FAQs on Wills, Trusts and Estate Planning in Melbourne, FL
The offices of J. Scott Lanford have been providing crucial services to elderly clients and their families in the Melbourne, FL, area. Our reliable service has helped us become a trusted source of legal assistance and advice in the areas of estate planning, wills and trusts, probate administration, and more.
If you’re considering using the services of one of the most trusted legal teams in the area when it comes to elder law and estate planning, you’ve come to the right place, but you’re bound to have some general questions to start. Here are some of the most common questions clients—both current and prospective—ask us, and some answers to get you started off on the right foot.
The Law Office of J. Scott Lanford has answers to all your frequently asked questions
A will is essentially at the center of estate planning. It’s a document that directs an executor to dispense your assets in whatever way you specify. You can also use your will to set up a trust, name specific beneficiaries, and specify how property should be handled after your death.

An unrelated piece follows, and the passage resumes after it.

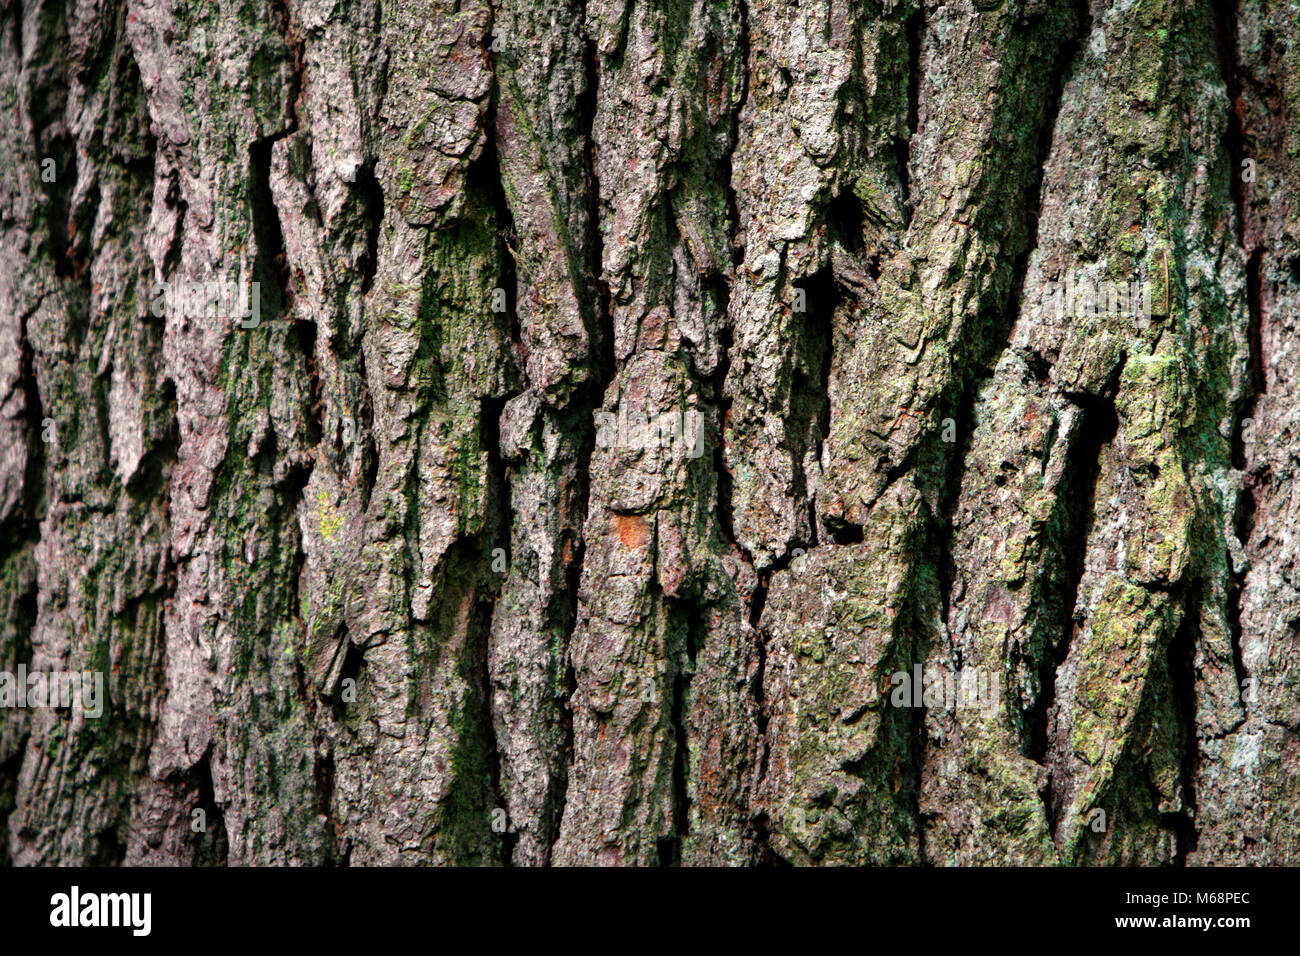 Norway Maple Tree Bark Pattern Stock Photo Alamy

Everyone needs a will, especially if you have minor children or significant assets. If there’s no will at the time of your death, decisions about your financial assets, property, and children will be made by the Courts.
Of course, you never know when the end of your life will be, but having a will written as early as possible is ideal for ensuring your interests are protected, even in the event of a tragedy. Once you have children or assets, like a home, it makes sense to have a will made that reflects your plans should the unexpected happen.

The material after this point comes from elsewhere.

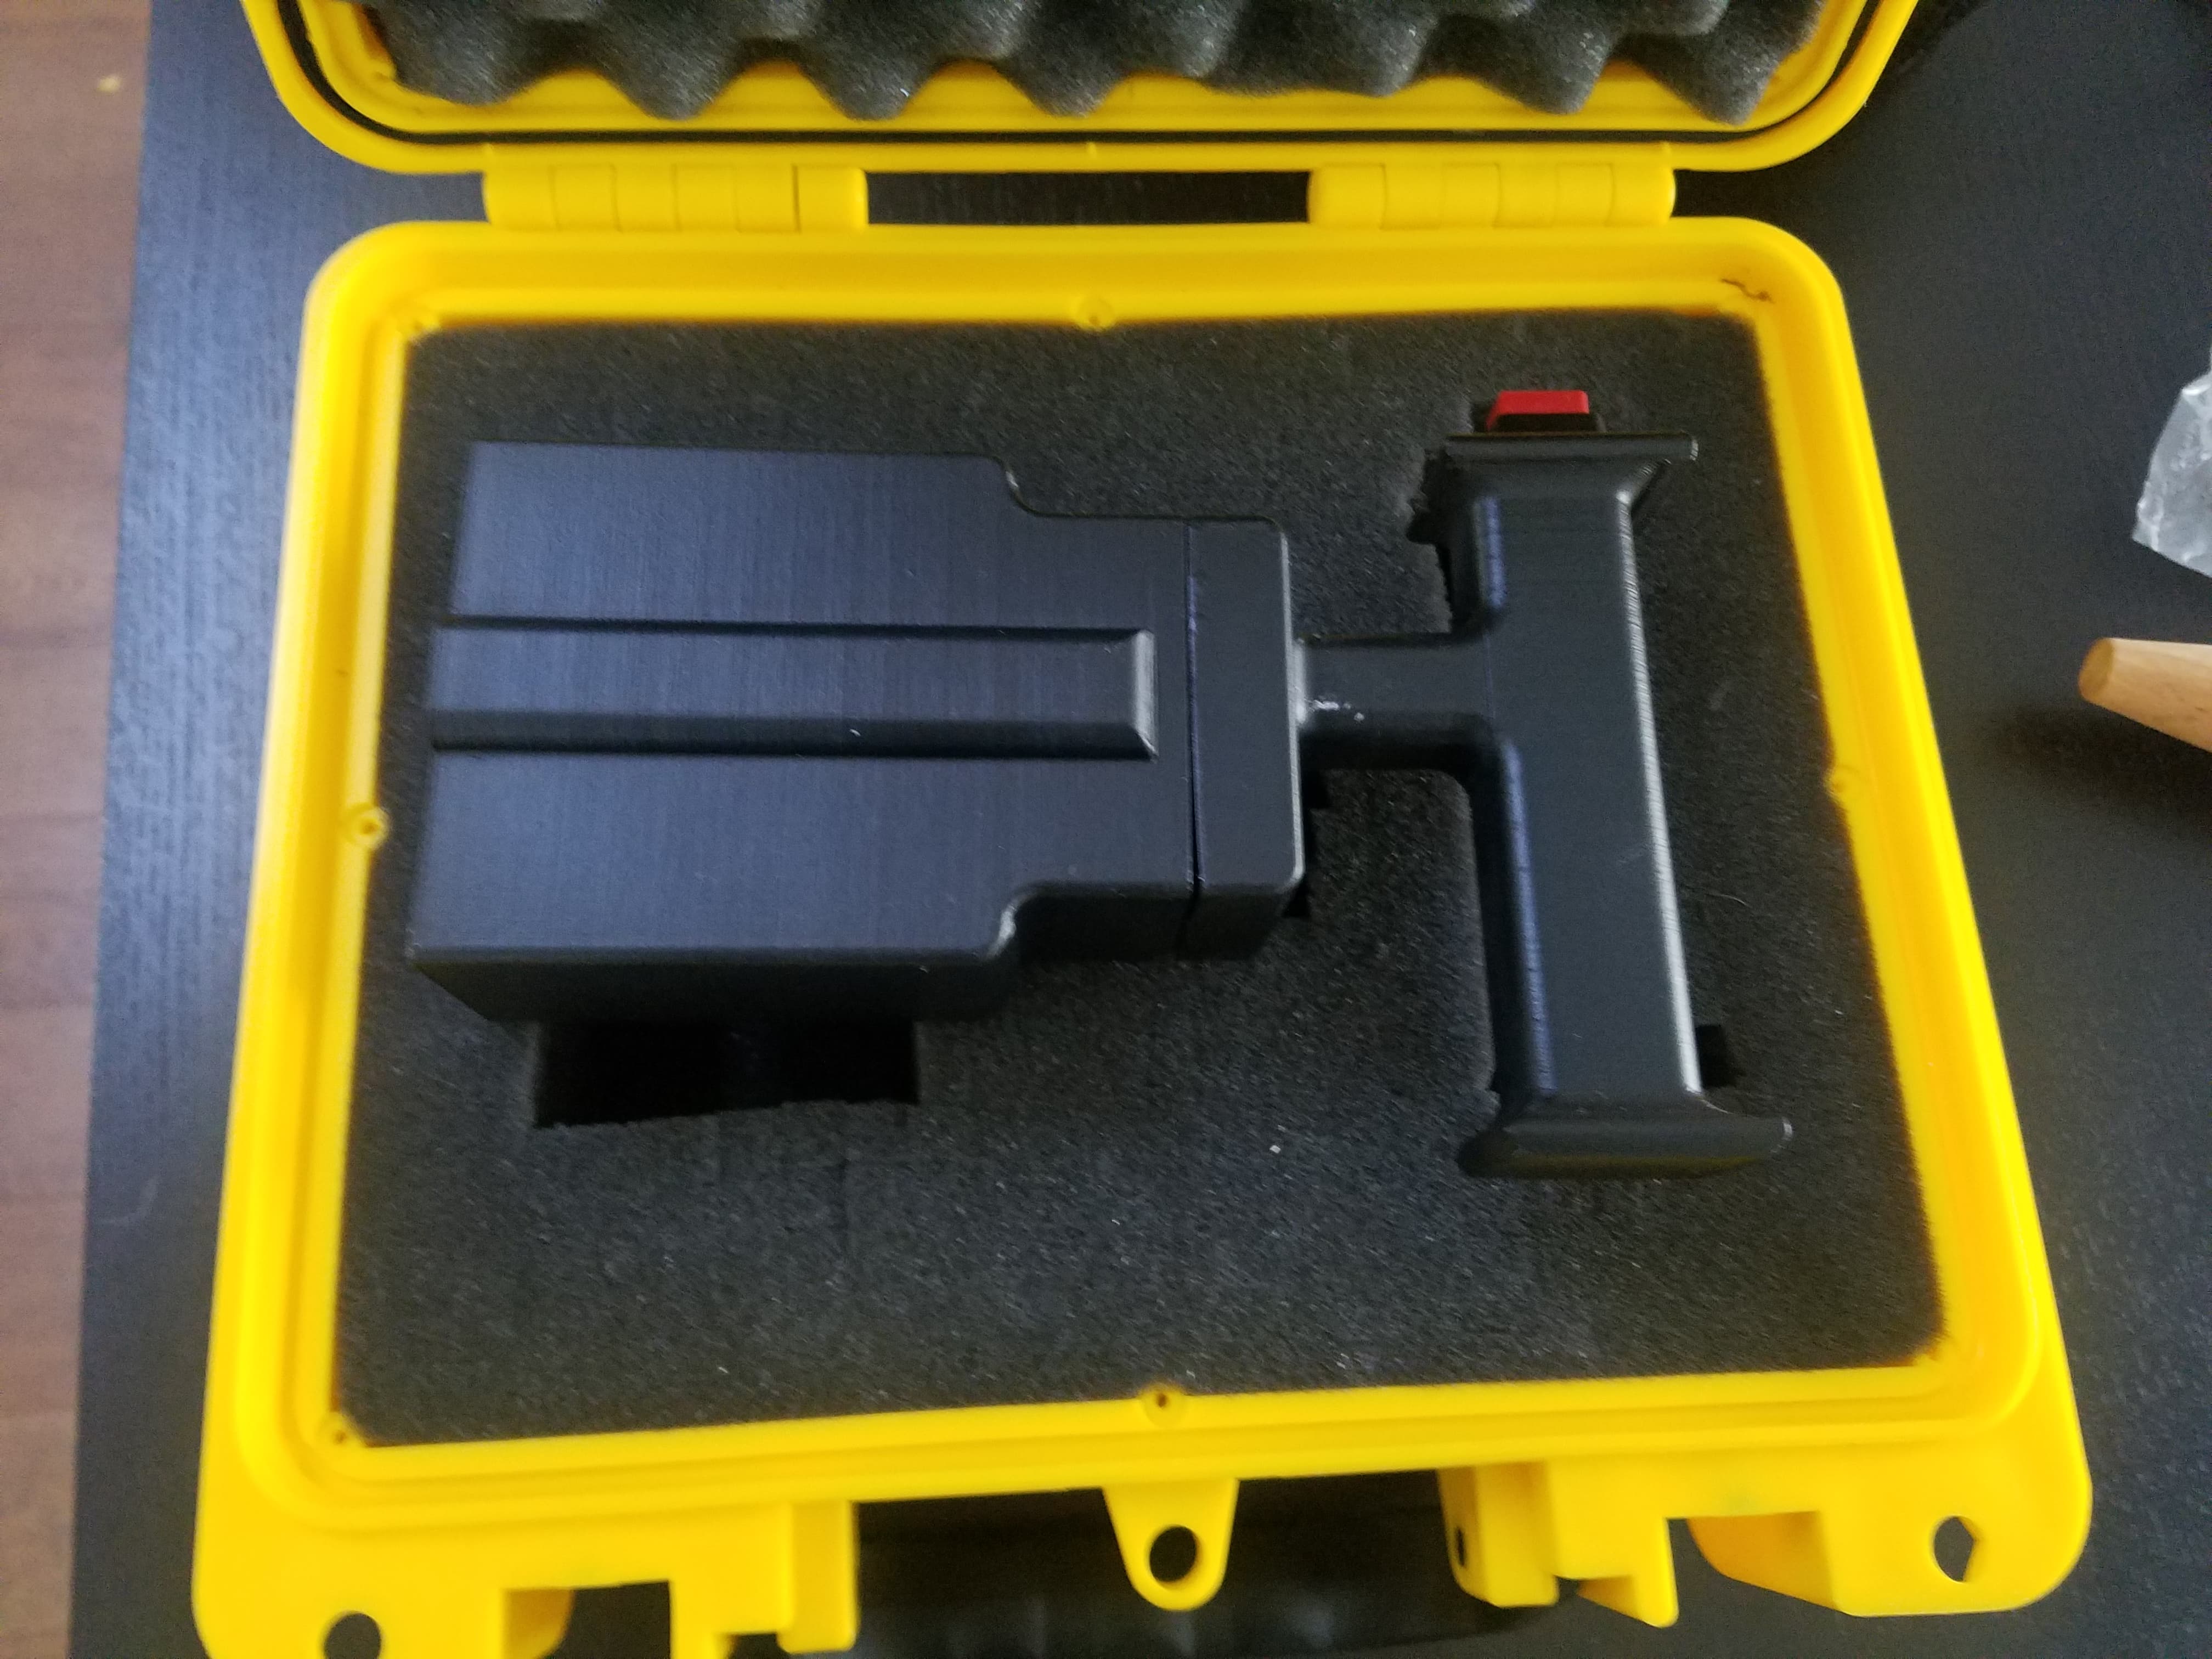 The Grapple Gun Assembled in Case

As long as you’re deemed to be of sound mind, you can change your will as many times as you like. If a family member chooses to contest your will after your death, they will have to prove you weren’t in a state of sound mind when the will was created or that you were pressured or coerced.
A living will is like a standard will, but it goes into effect if you’re alive but in a state where you’re unable to communicate your wishes concerning your ongoing medical care. You may also legally appoint a healthcare power of attorney who you certify to make healthcare decisions after you are no longer able to.
Your primary care physician will typically make the decision when he or she feels you are no longer capable of communicating or deciding things yourself related to healthcare. Most often, when a living will goes into effect, the patient is comatose or unable to communicate at all.
Trusts are created when you have special instructions about the way in which your will dispenses property, assets, or life insurance benefits. There are several different types of trusts, but in most estate planning situations, trusts are used to ensure that minors aren’t given their inheritance all at once or before they’re deemed responsible enough.
Probate is the default process that most wills and trusts undergo after a person has died. The Court ensures any debts are paid off from the estate and oversees the will’s directives. Probate can be expensive, so thorough estate planning is in everyone’s best interest to avoid a lengthy probate process.